第二十話 ~入学前~ 発現する魔法

 この世界に存在する魔法は七種類。

五行に光と闇を足した光・闇・火・氷・木・金・土。

存在する魔法をラランは一つずつギリアムと一緒に試していった。

エーベルス一族は光の魔法の使い手なので、本来なら複数魔法を試してみる必要はない。

うまく発現しない魔法の原因を探るべくギリアムの提案で一つずつ試していたのだが、光を除く五種類の魔法を試してみたが結果はいずれも失敗。

「ぜぇんぶ・・・だめだ~」

流石にラランも疲れたようで、フラフラとベンチに座り込む。

集中が切れたのだろう。足をブラブラさせてベンチに背中をつけて空をにらむ。

こんな姿を見られたらドロシーに怒鳴られる。

ギリアムは相変わらずじっと考えて腕を組み、考え事をしている。


・・・残る魔法は『闇』のみになった。光のエーベルス一族に対を成す闇の魔法をできるはずがない。しかし、ギリアムは考え込んでラランに問いかける。

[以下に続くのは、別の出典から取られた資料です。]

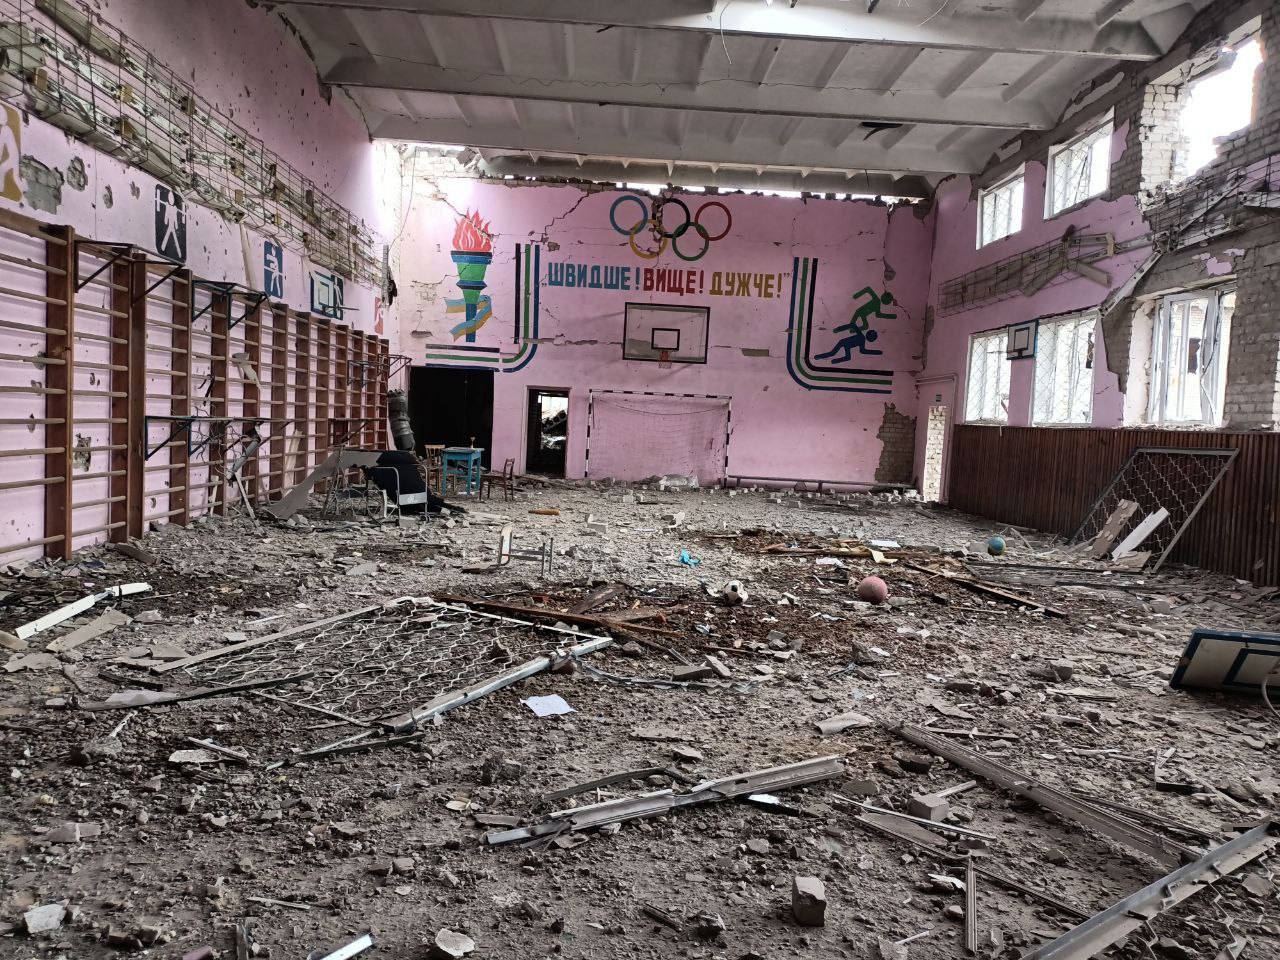 A school gym stands in ruins, having suffered bombardment during the Russian occupation. Credit: Nataliya Bordiychuk ~

「ララン様・・・残りは一つですが・・・どうしますか?

やってみますか・・・?」

「はぁ・・・ここまで見事にできないんだから、最後までやりきるよ。」

ラランは諦めたように笑った。

ギリアムがその様子を見て、同じようにフっと笑うと闇の魔法の言葉をラランに教える。実際の動作を見せてやりたかったが、ギリアム自身に合わない魔法であるため、言葉を所作を伝えることしかできなかった。

ラランは疲れた様子だったが、ベンチからひょいと立ち上がり息を整える。


 息を吸って、静かに目を閉じる。

光の魔法と同様に手のひらに力を集めるように集中する。

今度も力が身体を巡るのを感じ、手のひらに力を送る。

ラランの手のひらに小さな光が集まり出す。

闇の初期魔法のひとつ

『影のうしろ』

魔法発動の合図である魔法の名前を小さく唱える。

唱えると今度は力が手のひらを伝わって外に出ていくのをしっかりと感じることができた。

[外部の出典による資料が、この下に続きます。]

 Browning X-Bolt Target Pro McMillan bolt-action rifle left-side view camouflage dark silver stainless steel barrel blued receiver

光が消えないように集中を切らささないように力をつなげる。

そっとラランが目を開けると自分の手のひらに小さな光が一つ生まれて輝いているのを見た。

ただし、光の魔法のように輝くものではない、深い紫をした黒い光だった。

産まれた真っ黒で中が見えない小さな穴のような闇の光玉はゆっくりとラランの手を離れ、目の前の雑草の小さな羽虫に向かってふよふよと飛んで行った。


バシンッ!


光の黒い玉は羽虫に当たると手を叩くような乾いた音がし、弾けて消えた。

焦げてチリヂリになった羽虫が真っ黒になってヒラヒラと花びらのように地面に落ちた。


「・・・・」

言葉なく立ち尽くすララン。

疲労なのか結果への驚きなのか・・・魔法ができて喜ぶべきなのか、羽虫とはいえ自分のせいで命が一つ消えたことへの罪悪感なのか、この気持ちをどう表現することが正しいのかわからない。

「・・・ギリアム、今の・・・何かな・・・?」

言葉を振り尋ねるラランに、ギリアムは今見た光景の分析とラランに答える言葉を探して深く眉間にしわを寄せて考える。

返事のないギリアムにラランは答えを強い口調で求める。

「ねぇ!ギリアム!今のは何!?」

「ララン様・・・これは・・・・」


立ち尽くす二人の後ろから急に大きな風が吹き、羽虫の死骸を巻き上げる。